Wajah cerah Herlina memancar, senyum simpul pun tersungging di bibir manisnya. Ia beranjak dan mengucap syukur “Terimakasih banyak ko!”
Mas Saryanto yang dari tadi berusaha menjatuhkannya, tertunduk malu. Wajahnya terlihat lusuh.
Aku melirik bekal yang tak sempat kusantap, buru-buru meninggalkan tempat itu. Menaruh kembali di ruang penitipan. Jam makanku telah usai hanya demi menguping pembicaraan mereka bertiga. Aku berjalan ke lapangan, diliputi perasaan banggaku pada Herlina.
Hampir tiga hari, aku tak melihat Herlina di lapangan. Kabar teranyar kudengar, dia diterima di kantor personalia. Tugasnya mengangkat telepon dari luar, berbicara dengan mister-mister dalam bahasa Mandarin. Tak pernah kupikirkan kalau ternyata Herlina bukanlah orang sembarangan. Aku kagum dengan kelebihan yang dimilikinya. Andai tahu dari awal, aku pasti kursus kilat padanya.
Penyesalan terdalamku tak bisa kutebus, karena aku tak tahu alamatnya di mana. Nomor handphone-nya juga tak punya. Anganku terkubur di tengah deru mesin. Pantas saja, jika aku berbicara dengan Herlina, gaya bicaranya beda, seperti bukan berhadapan dengan buruh biasa. Wawasannya terkesan luas.
Buruh bukan sembarang buruh... itulah julukan yang tepat buatnya.
**
[1]Airjetloom; mesin tenun yang menggunakan uap sebagai energi penggeraknya.

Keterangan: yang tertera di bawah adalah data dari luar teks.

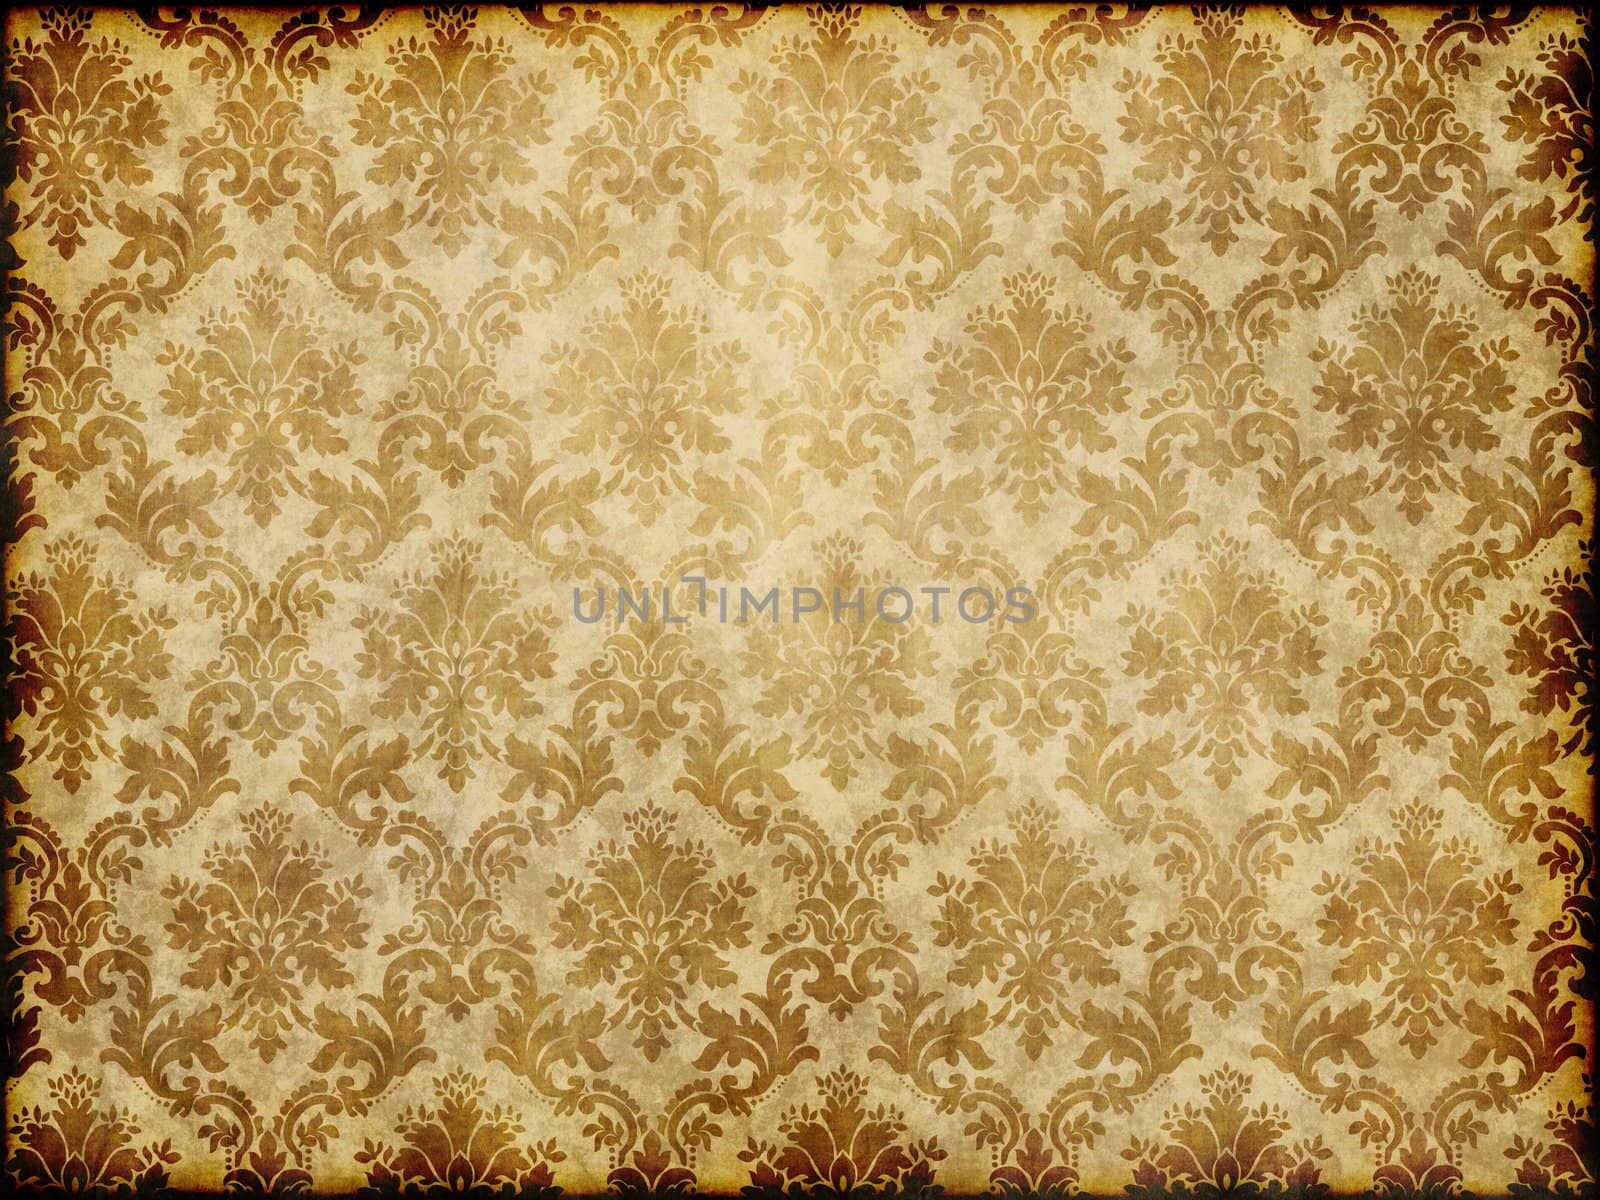 vintage damask wallpaper by clearviewstock
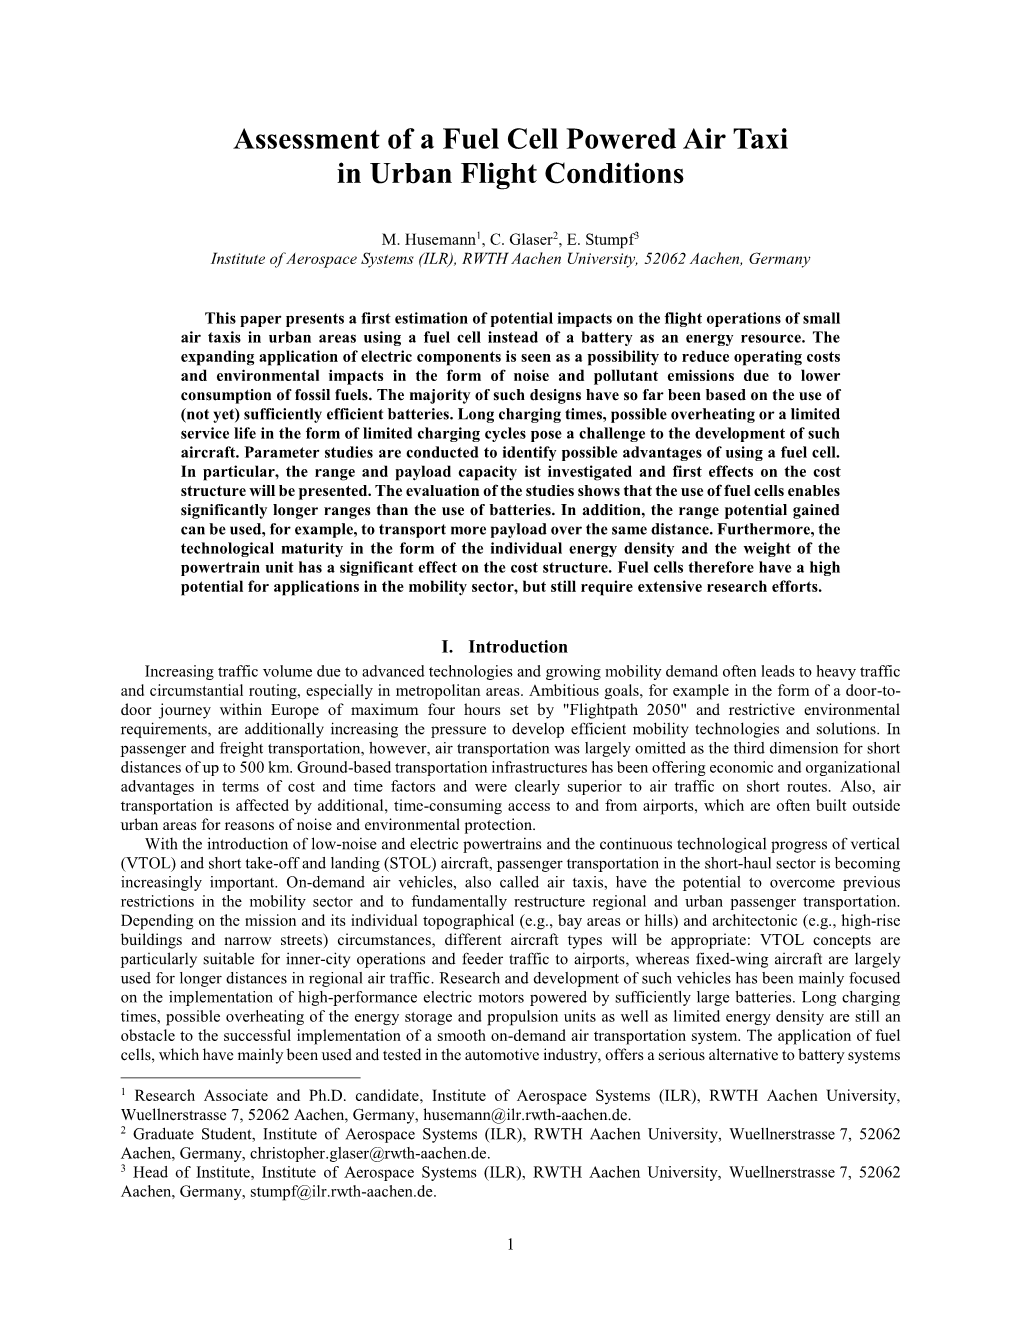 Assessment of a Fuel Cell Powered Air Taxi in Urban Flight Conditions

[2] Benang untuk menenun kain yang tergulung di beam.
[3] Tempat gulungan benang lusi, terbuat dari besi bundar. Panjangnya kurang lebih dua meter, dengan diameter roda pinggirannya sekitar satu meter.
[4] Jenis mesin tenun yang digunakan. Ada juga mesin toyoda dan dobby yang ukurannya lebih besar.
[5] Penahan benang lusi supaya tidak kendor dan tetap berada di jalurnya.
[6] Alat untuk menenun, bentuknya seperti jarum tapi penjang, sebesar lidi. Lubangnya pun bukan berada di pangkal tapi di tengah.